One night, having left his group to sleep alone, Jacob was confronted by a manifestation. An angel came to him in his dream, but it wasn’t really a dream. If it were me, I would have hightailed it back to the group — but not Jacob. He wrestled with the angel until daybreak, determined not to give up. He faced his fear and prevailed, and in facing his fear he ended up a changed man. The Bible says the angel gave him a new name (Israel), and he never walked the same again because the angel had touched the socket of Jacob’s hip.
The things we must face in life rarely leave us unchanged. How we react to the manifestations that invade our lives often determines the way we will live our lives and the consequences or blessings we will receive. Allowing fear and any of its counterparts to be the controlling influence in our lives will more often than not deprive us of experiencing God’s blessings. Yes, there are certain aspects of fear that can help us be more careful in making decisions or choosing a course of action. But when fear dominates, keeping us from making choices, when it makes us always second guess ourselves, when it replaces our faith in God, ourselves and even others, then fear is not healthy, emotionally or spiritually. That type of fear cripples us, keeping us from growing into our full potential and moving forward in our journey.
The question is: How do we deal with the varied manifestations of fear in our lives? We begin by voicing our fears, calling them what they are. If we don’t start there, fear is going to stay put. Catherine Marshal, in her book Something More, had some stern words for people who don’t allow children to express their fears: “We may be teaching our sons (and daughters) a false basis for manliness (and womanliness). So long as we are in these bodies, we are going to be subject to the limitations of the flesh, and we will always know a degree of loneliness. To ignore these facts of life is not to nurture independent manliness (and womanliness), but to suppress fears and cram them into the subconscious where they will do further harm” (emphasis added).
We need to confess our fears to ourselves and, depending on the situation, we may need to confess our fears to certain others. And, above all, we must confess our fears to God. “Cast all your anxiety upon Him, because He cares for you,” Peter writes in 1 Peter 5. Confession is more than a psychological or emotional release; it helps to define our understanding of God, and it allows us to realize that God isn’t the enemy. It helps us to gain a clearer picture of what more needs to be done, in addition to confession and prayer, to help us wrestle through the fear and take possession of the land (spiritual and emotional) that God has called us to enter into.

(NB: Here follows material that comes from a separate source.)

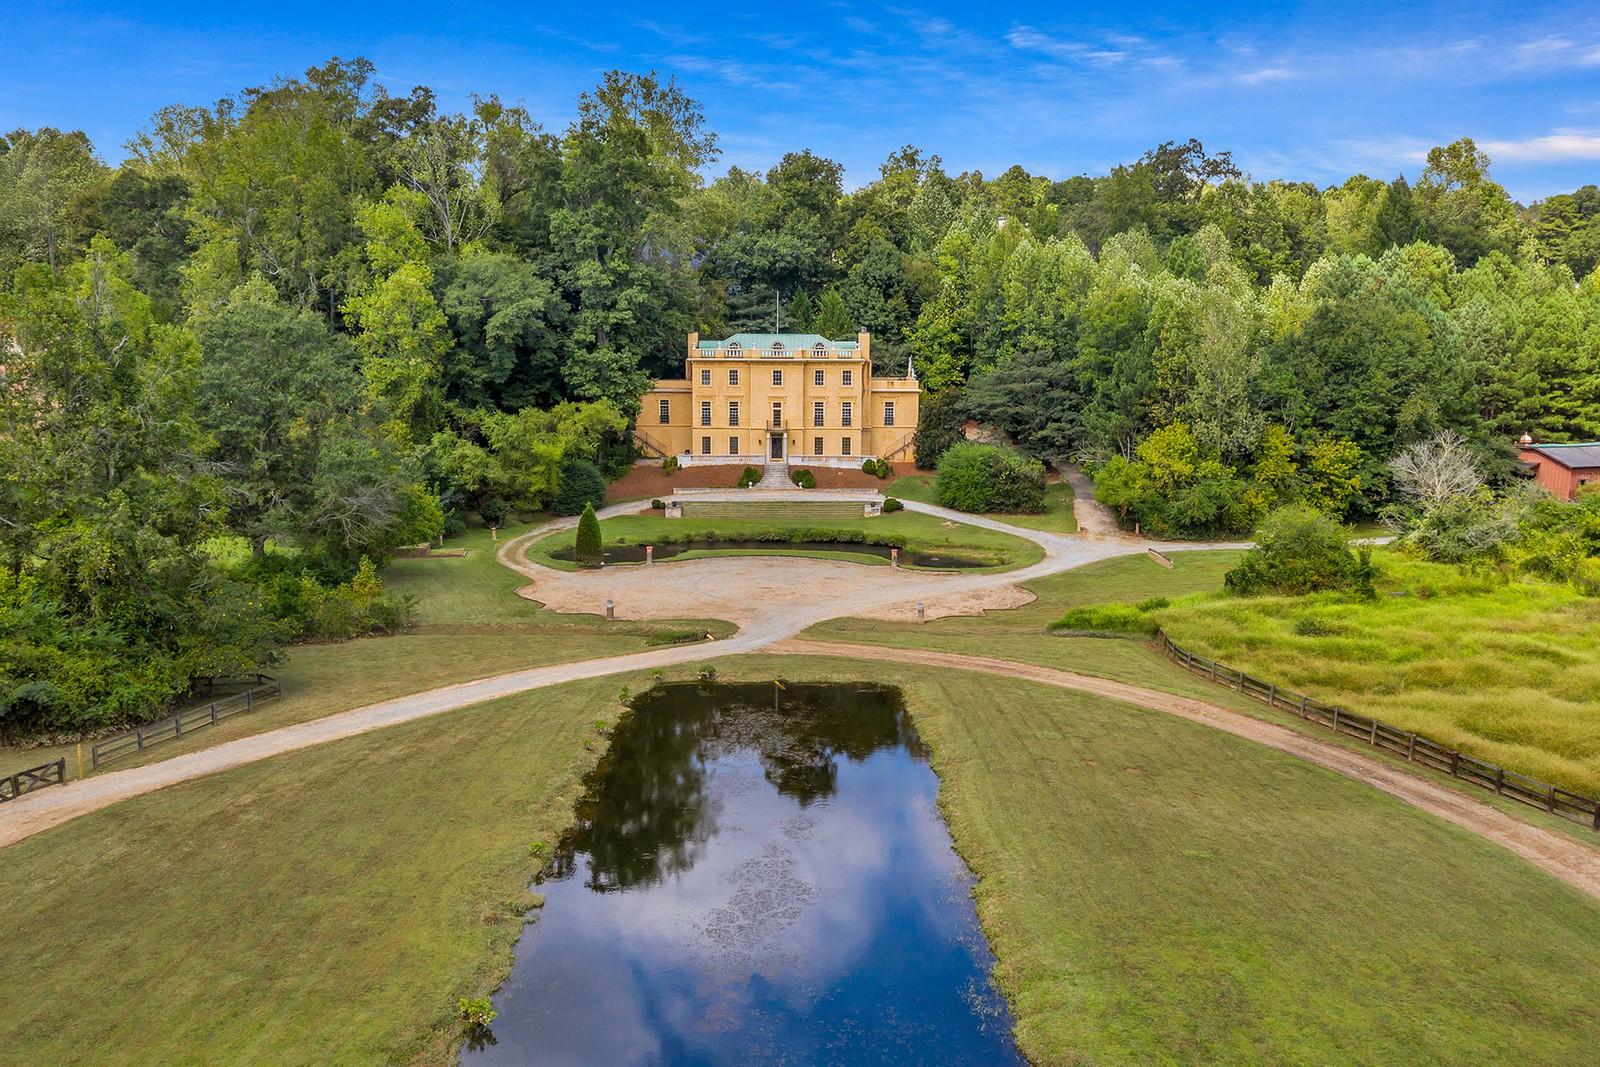 Palatial Buckhead property mimics an English country estate, asks $2.5M

Catherine Marshall sums up the benefits of confession and trust in God when she writes, “There is only one way to get rid of fear; like any sin, we must recognize it, confess it in true repentance, claim God’s sure promise of forgiveness, cleansing and renewal, accept these gifts, rise and get on with life. Not only new confidence, but real growth in character, follows this facing up to what we fear, provided we are acting under God’s direction.”
Eventually, Israel was able to move beyond her fear, and by trusting in God, moved in and took possession of the land — but only after a whole generation had died. And Jacob finally got back together with his brother. He was a changed man. He viewed his life differently. His focus was on God, not himself, though he still had his moments. He still had his fears to wrestle with. But God’s grace is far greater than our fears. His forgiveness is deeper than our failures. God will manifest himself in some really interesting ways. Odds are, we will never walk the same again!